Making your project reproducible

R projects

Since we’ve already covered this, I won’t discuss this topic so much.

A few key reminders:

  • The .Rproj file can serve as a shortcut to opening the project into R Studio
  • R projects can help you organize the project structure (they’re not necessary to do this, though)
  • R projects store settings - do you want to save your environment when closing? - do you want to start a session with a clean environment?
  • Relative, not absolute, paths!!!

set.seed()

In short, the set.seed() function makes your code reproducible. So, if you include a seed in your code, any random process will produce the same output every time you run your script. And it should produce the same output on other computers, as well.

You should include set.seed() if your script includes any random processes. What are some examples of random processes?

  • rnorm(), runif(), rpois(), etc.
  • sample()
  • subset()

If you are unsure whether you should include set.seed() in your script, include it.

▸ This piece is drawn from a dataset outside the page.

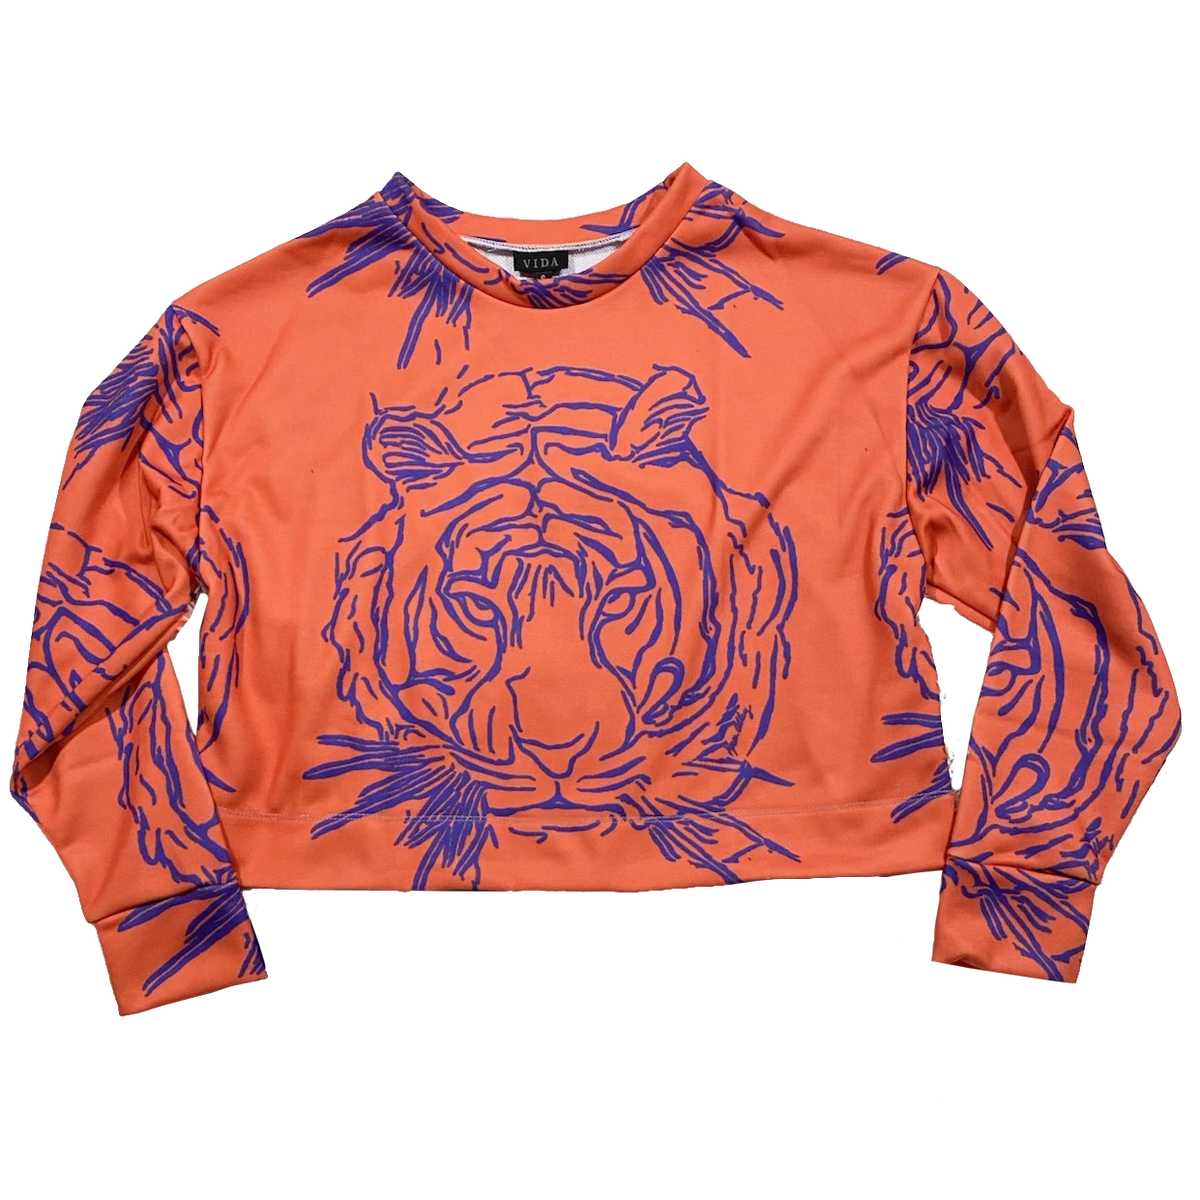 Karen Alley Orange Cropped Shirt - Tiger Knickerbocker Mr. Purple Print with

TMI: Randomness is a tricky concept. True randomness is difficult to find. Most things that we think of as random are actually “pseudo-random”, i.e., fake random. In reality, these processes are “deterministic” - which means that they will produce the same result if given the same input. We think of them as random because we lack knowledge about the inputs.

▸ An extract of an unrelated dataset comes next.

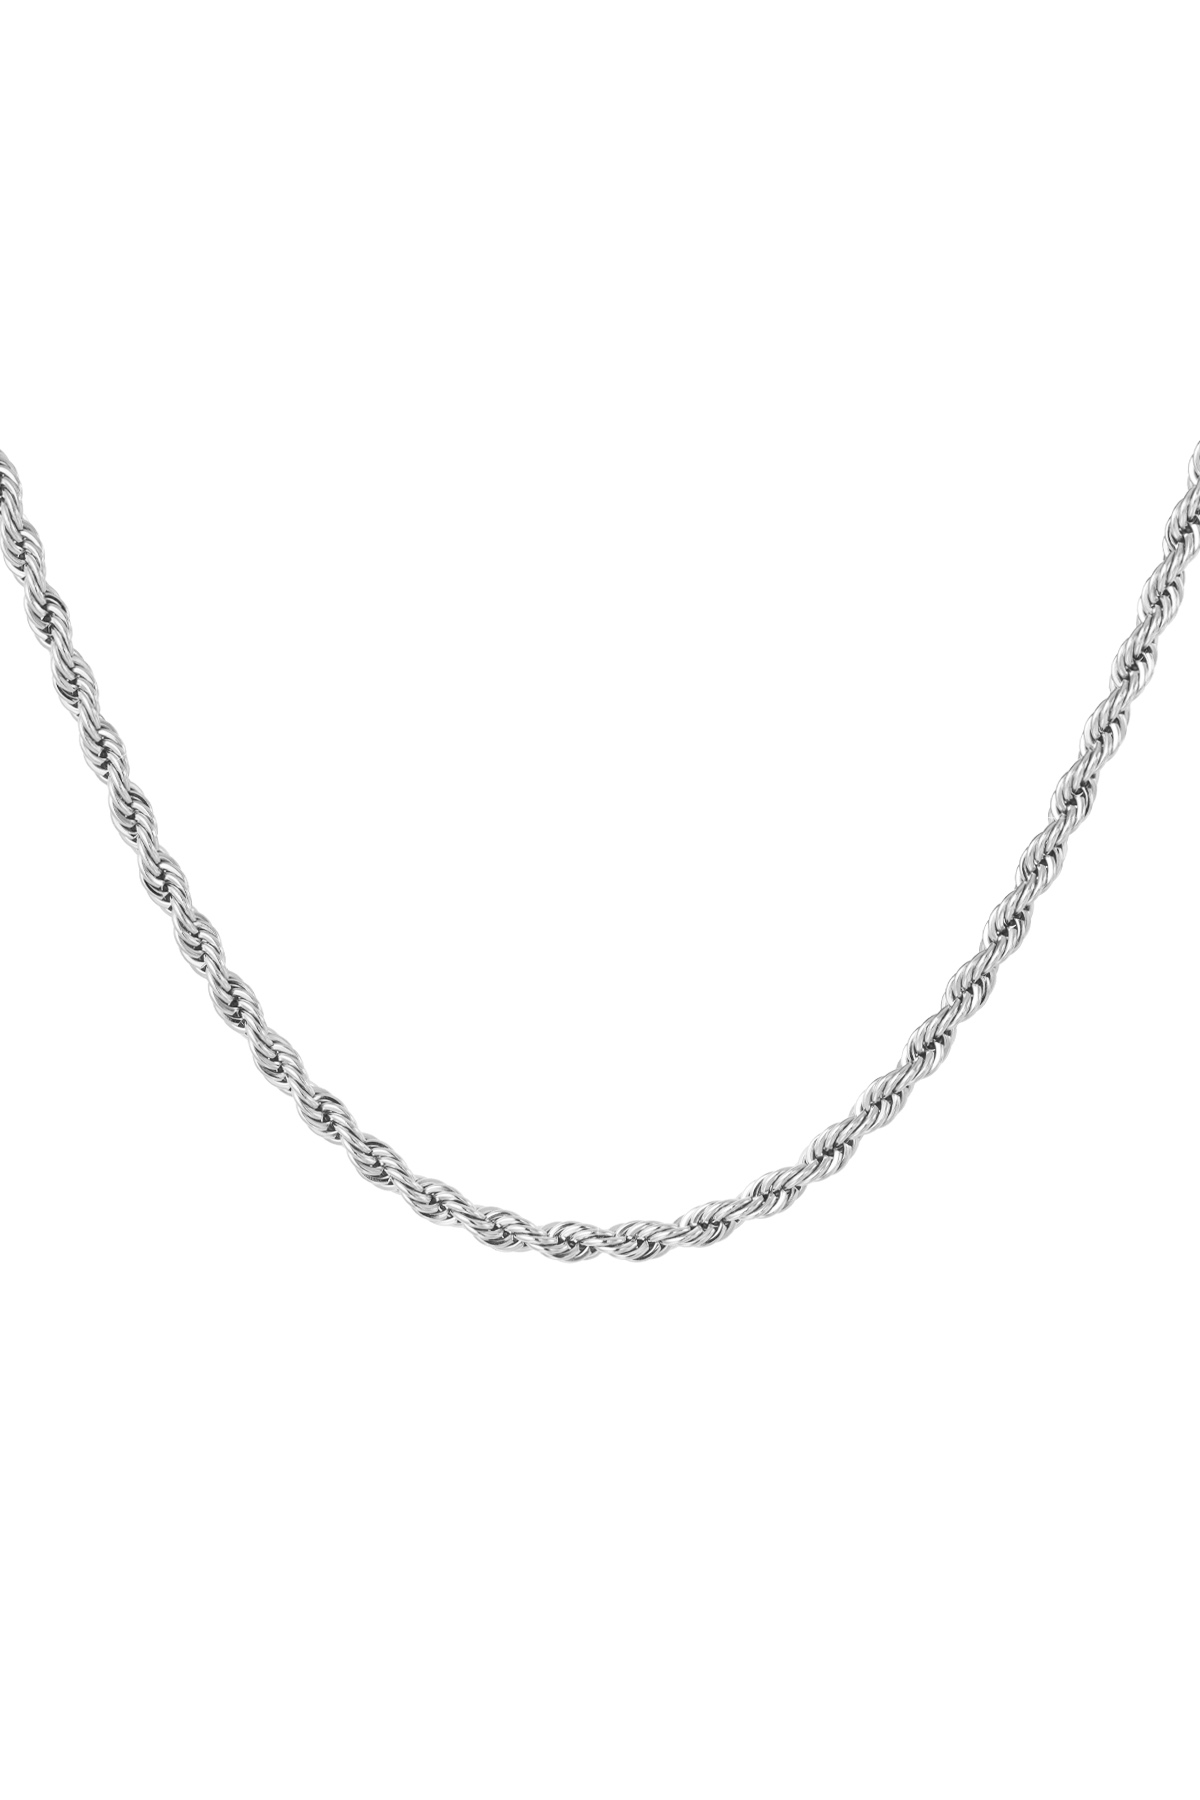 Collana unisex intrecciata 50 cm - argento-4.0MM

Computers are definitely deterministic. So, how do we get a deterministic machine to produce randomness? Well, we don’t. We get it to produce pseudo-randomness. They use complex algorithms to produce outputs that seem to be random. In reality, they are completely deterministic. The “seed” serves as the starting point.

Commenting your code

Comments are lines of code that are not evaluated by the computer but can be read by humans. You can use them to leave notes or explanations for anyone who reads your code (including future you). When you should write a comment is not an exact science (and some programmers don’t like them unless absolutely necessary). Essentially, you should leave a comment anytime you think something might be confusing or unclear. Ideally, they should be clear and concise - but this is a bit of a drawing the owl recommendation. Commenting probably won’t be intuitive early on, but at this stage I would lean towards over-commenting rather than under-commenting (just don’t comment every line :) )

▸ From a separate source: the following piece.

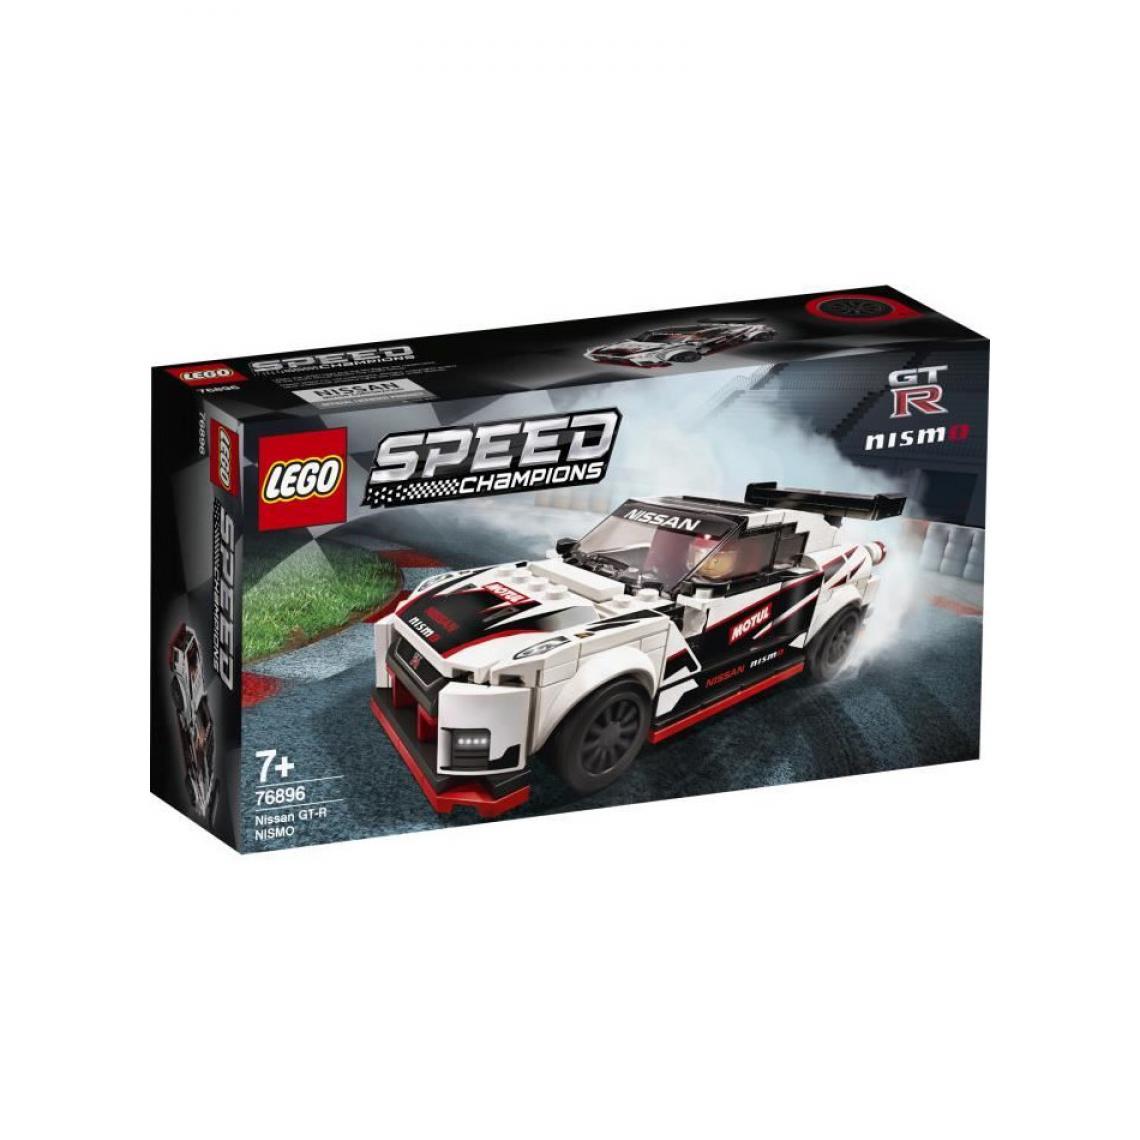 Lego - 76896 Nissan GT-R NISMO LEGO Speed Champions - Briques Lego

In R, the computer doesn’t evaluate anything on a line that comes after the # symbol.

Saving your workspace

It is possible to save the objects that you create in your environment by using the function save.image(). Use the extension .RData in your file name and then you can easily reload your objects. You can set up R Studio to always save your workspace when it closes and then load the workspace/environment when you open the project (or even just R Studio).

x <- 'some_variable'
variable_in_workspace <- 6

ls()
## [1] "variable_in_workspace" "x"
save.image(file = '../data/workspace.RData')
rm(list=ls()) # remove all objects
ls()
## character(0)
load("../data/workspace.RData")
ls()
## [1] "variable_in_workspace" "x"

NOTE: I would recommend against saving your workspace unless you have a clear purpose for doing so. Early on in your R career you are likely to create a lot of objects that are not what you want or expect. People often don’t clean their environment and then save the workspace leading to messy environments that take up a ton of storage space. Also, a lot of early R users rely too much on previously created objects, oftentimes at the expense of scripts. If you don’t write everything in a script you can run into the problem of having an object where you have no idea how you created it. Maybe you can go back through your .Rhistory log, but this is tedious and time consuming.

Even if you do write your code in a script, you will always make changes. Let’s say you decide to delete a line of code that creates an objects that you now realize is superfluous. If you save everything in a script and don’t save the workspace, then you don’t have to worry about that object ever again. If, however, you save and load the workspace every session, the object is still there. Maybe this isn’t a big deal and only has the effect of taking up a small amount of memory space. BUT you run the risk of getting weird errors that are hard to track down.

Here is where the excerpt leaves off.